SimScale Adds Joule Heating Simulation for the Power Electronics Industry

Tool includes automated post-processing features

SimScale Adds Joule Heating Simulation for the Power Electronics Industry with Automatic Post-Processing Tools

Conjugate Heat Transfer (CHT) Joule heating: The new Joule heating interface and dialog box in SimScale for including Joule heating in a CHT analysis. Image courtesy of SimScale.


Last week, SimScale launched a new Joule Heating Simulation program, aimed at those developing power electronics products and components. In the blog post announcing the release, SimScale writes, “With the new features introduced in SimScale, users can now explicitly define the key Joule heating parameters, variables and output key metrics to base design decisions on.”

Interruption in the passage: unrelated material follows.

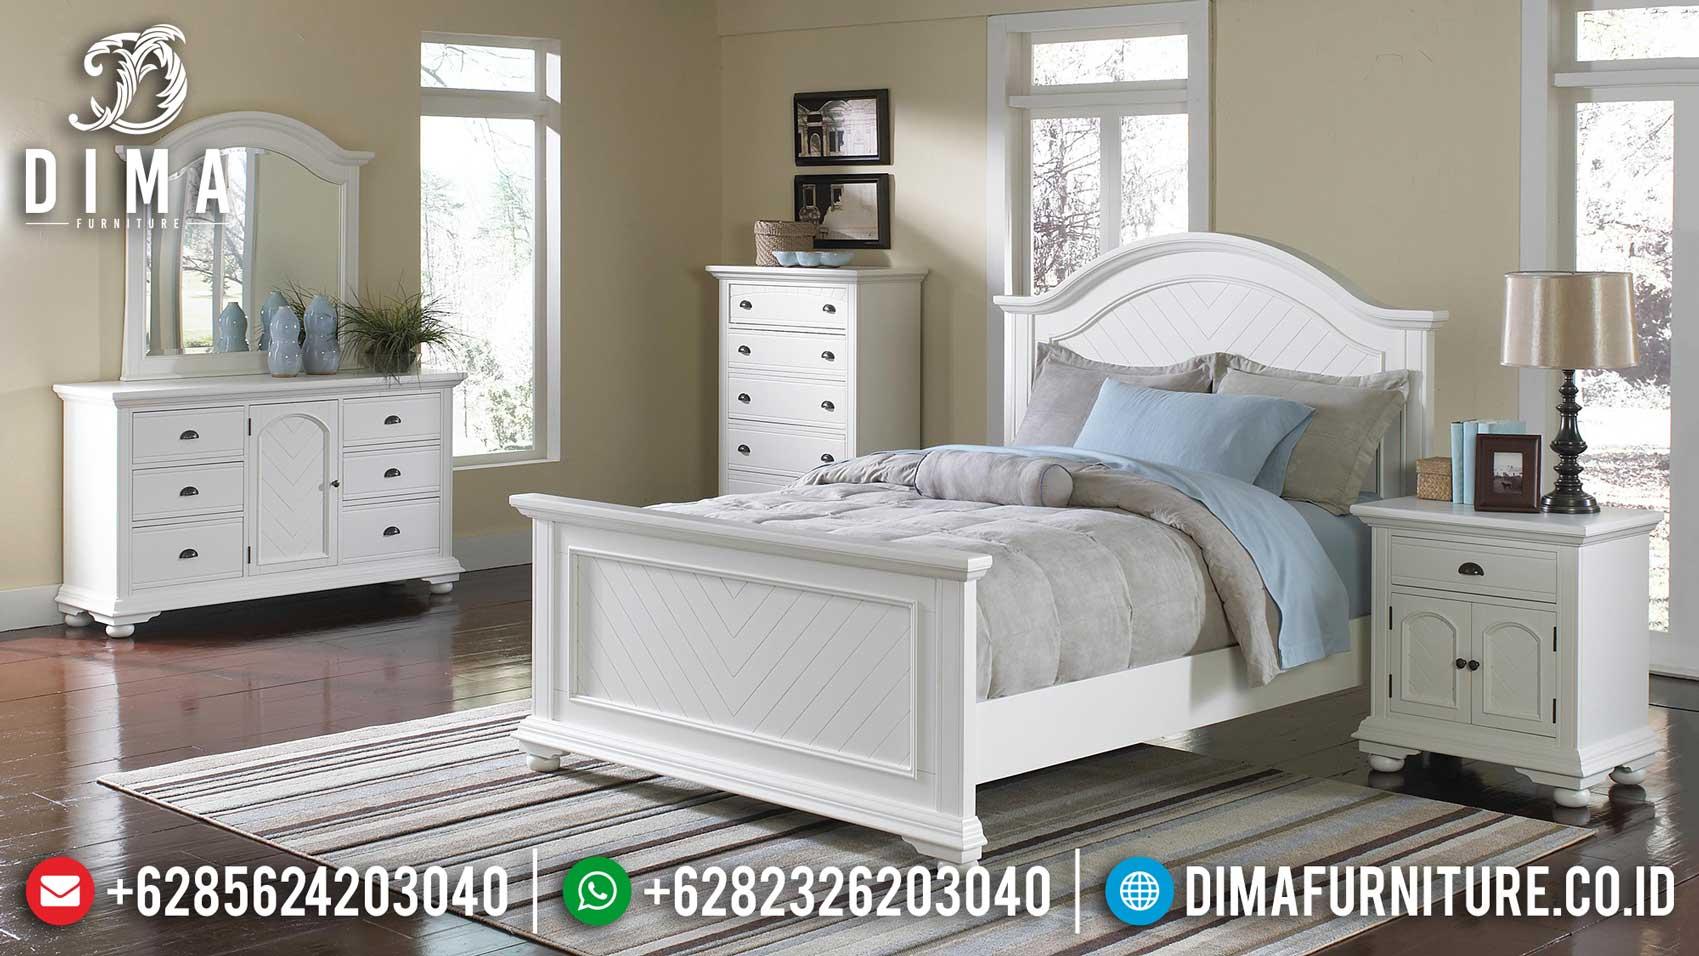 Harga Tempat Tidur Minimalis Putih Duco New Year Edition Item TTJ-1125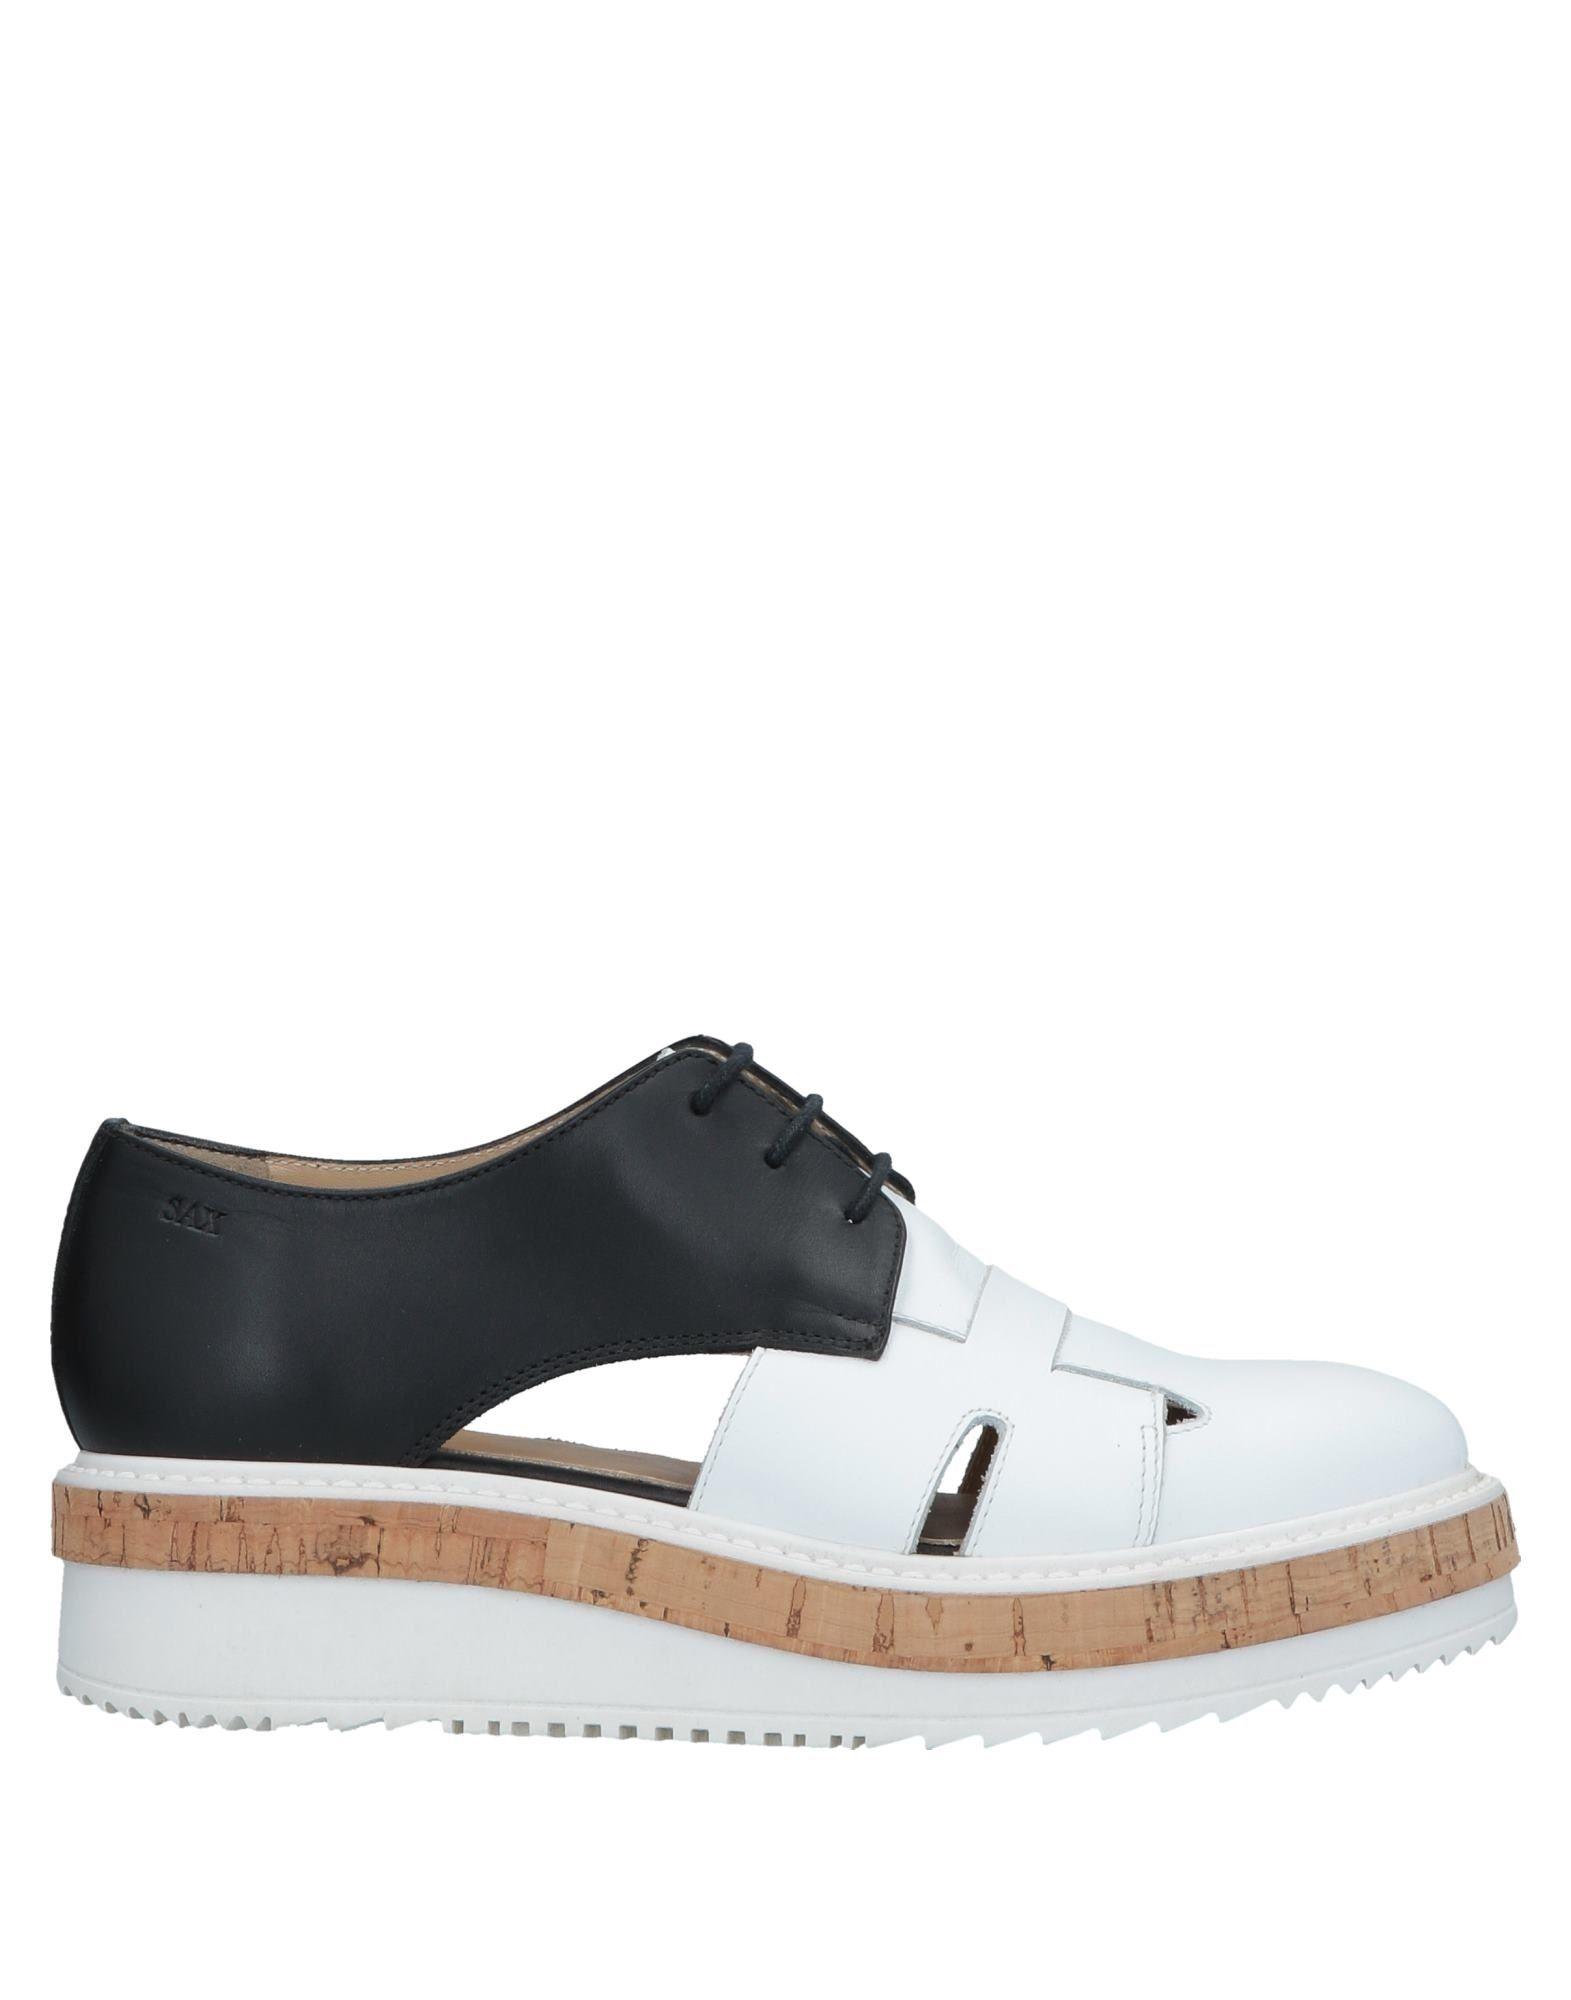 Фото - SAX Обувь на шнурках обувь на высокой платформе dkny

The announcement highlights the following:

  • Analysis type: users can toggle on Joule Heating when setting up a Conjugate heat transfer (CHTv2 or IBM) analysis type in SimScale.
  • Materials: when defining material properties, choose the isotropic or orthotropic conductor option. The materials can be imported from the library or added to the database and can be shared among projects and teams. 
  • Boundary conditions: in the boundary conditions dialog box, users can specify the current flow direction and electric potential (see images below).
  • Outputs: include current density, electric potential, and Joule heat generation.

SimScale says its new tool offers “an easy-to-use interface with powerful and automated post-processing features.” With it, you can add dissipated power as a power source on the electronic components, the company explains.

As example applications, SimScale presents simulation performed on electrical inverters, resistors, electric vehicle batteries, and fuse blocks. 

With headquarters in Munich, Germany, and offices in New York and Boston, U.S., SimScale offers cloud-based simulation. 

Joule heating simulation is also part of COMSOL Multiphysics, Cadence, and SOLIDWORKS Simulation, among others. 

Joule heating simulation in SimScale showing the electric potential (top), generated heat (middle), and current density magnitude (bottom) on the inverter busbars (red indicates a higher value). Image courtesy of SimScale.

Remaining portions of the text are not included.